Amazon EMR
Management Guide

Architecture of SAML-Enabled Single Sign-On and Fine-Grained Access Control

The following diagram illustrates the architecture of SAML-enabled single sign-on and fine-grained access control with Lake Formation and Amazon EMR.

  1. An unauthenticated user uses the proxy agent to access EMR notebook or Zeppelin. The user is redirected to your organization’s Identity Provider (IdP) sign-on page.

  2. The IdP verifies the user's identity in your organization.

  3. The IdP generates a SAML authentication response that includes assertions that identify the user and include attributes about the user.

  4. The client browser posts the SAML assertion to the proxy agent.

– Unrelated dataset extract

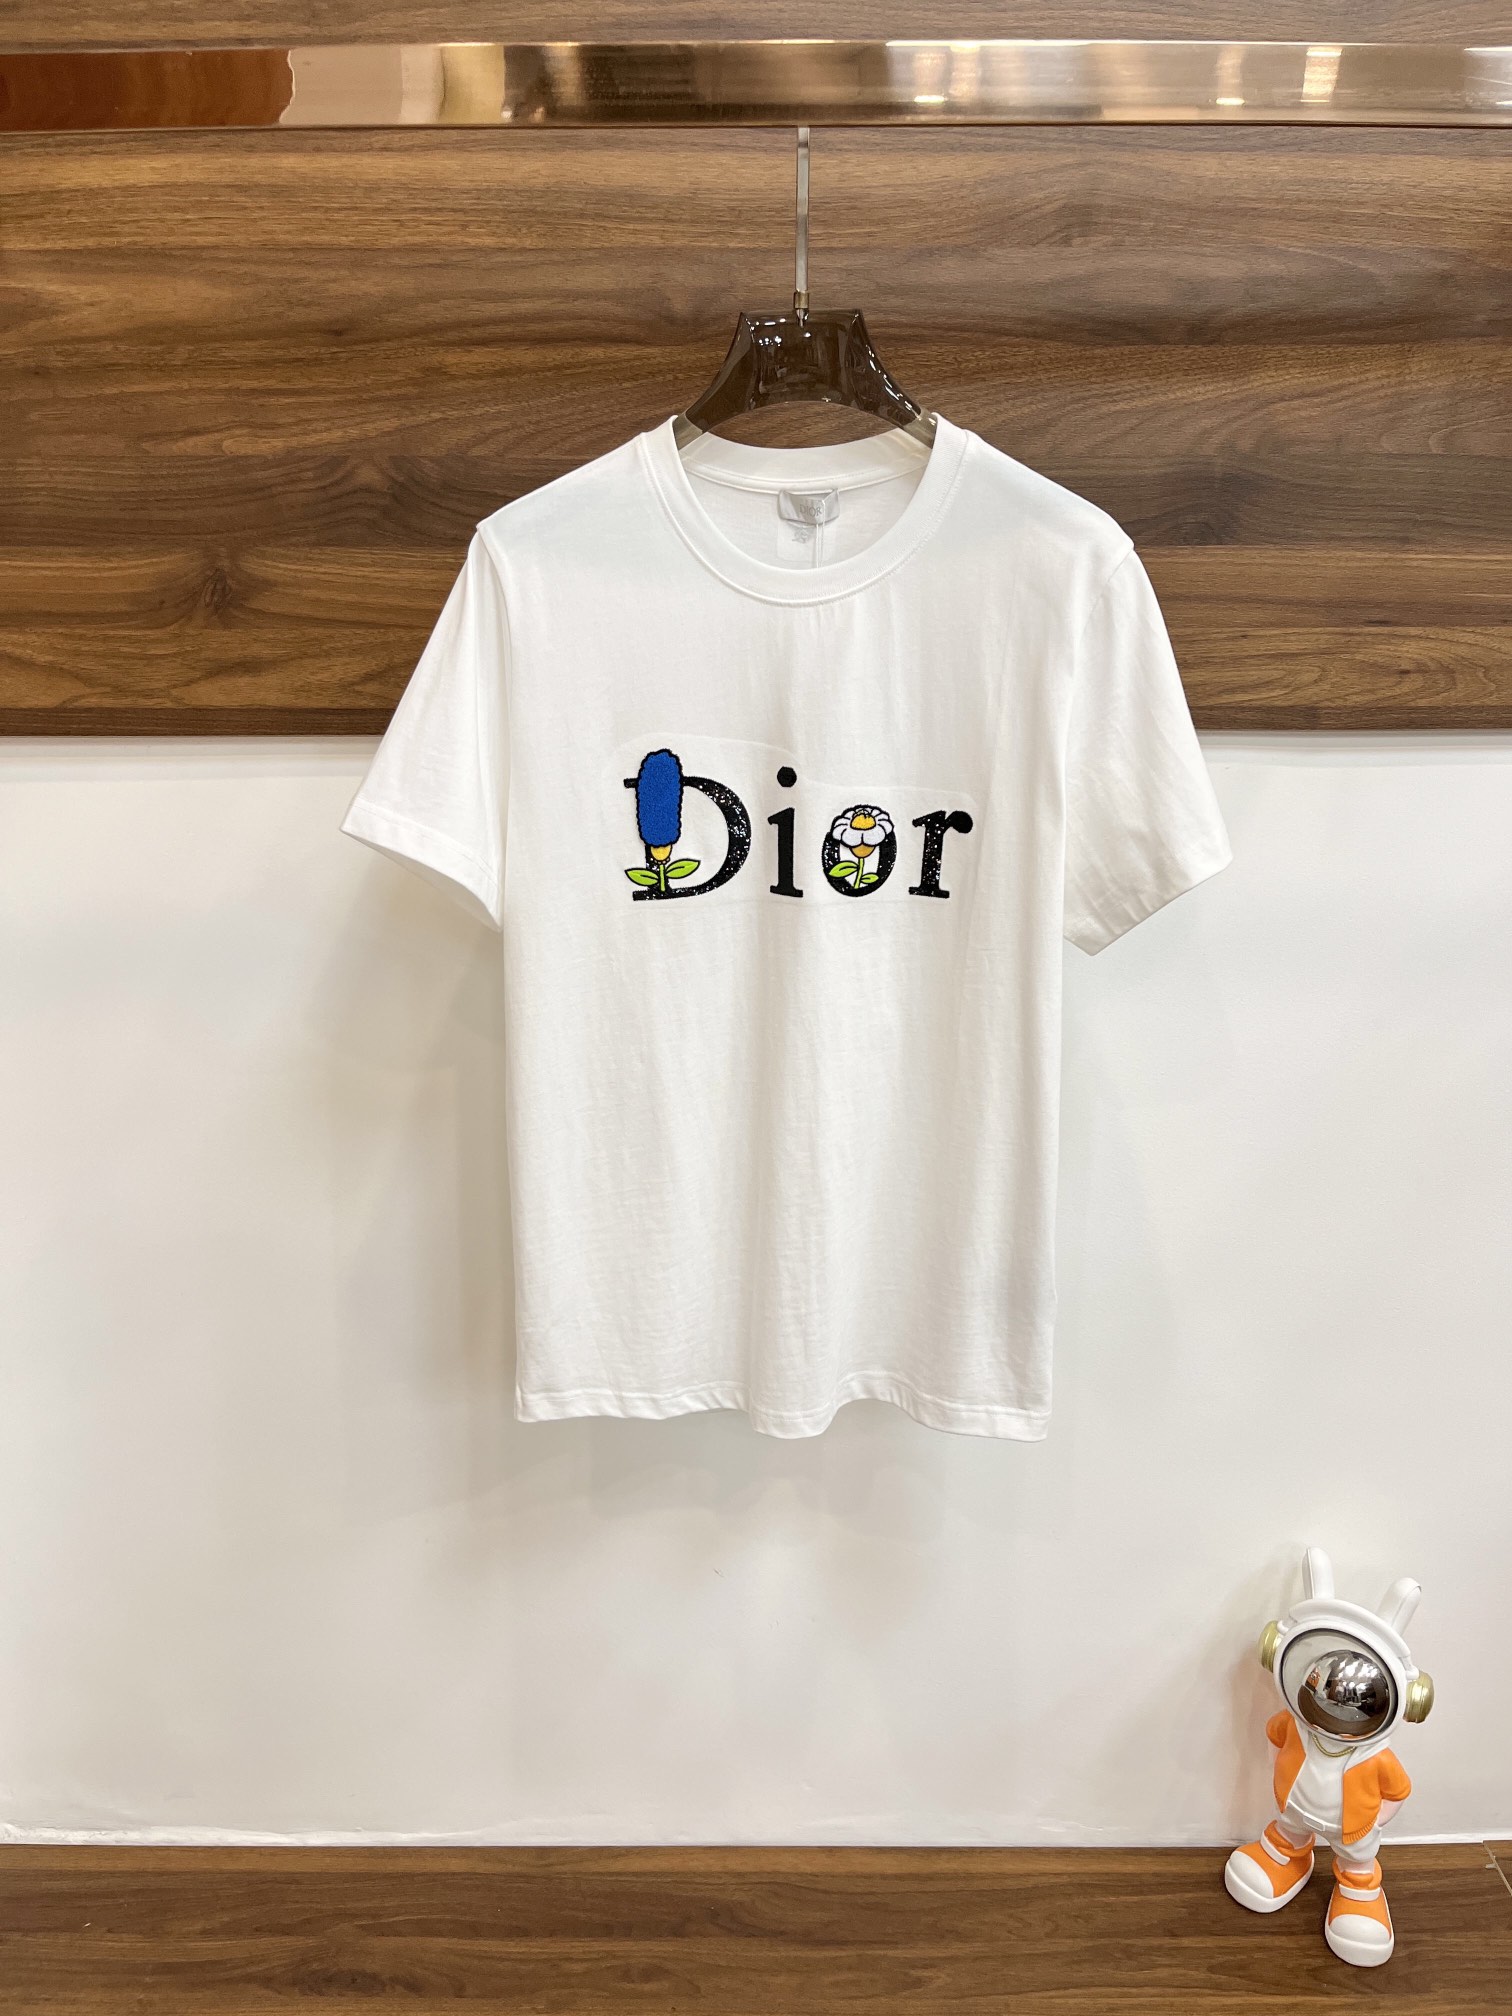 Dior Clothing T-Shirt Fashion Short Sleeve

  5. The proxy agent requests user-specific temporary security credentials from AWS Lake Formation on behalf of the user. The temporary security credentials are sent back to the proxy agent.

  6. The proxy agent stores the user-specific temporary security credentials in the secret agent. The secret agent sends the temporary user credentials to the secret agents in core and task nodes.

  7. The proxy agent enables successful user login.

  8. When the user runs a Spark job by using the EMR notebook or Zeppelin, the record server calls the secret agent to obtain temporary user credentials.

  9. The record server reads and filters data from Amazon S3 based on the policies defined in Lake Formation.

From the user's perspective, this process happens transparently. The user starts at your organization's authentication page and ends up at the EMR notebook or Zeppelin through the browser without ever having to supply any AWS credentials.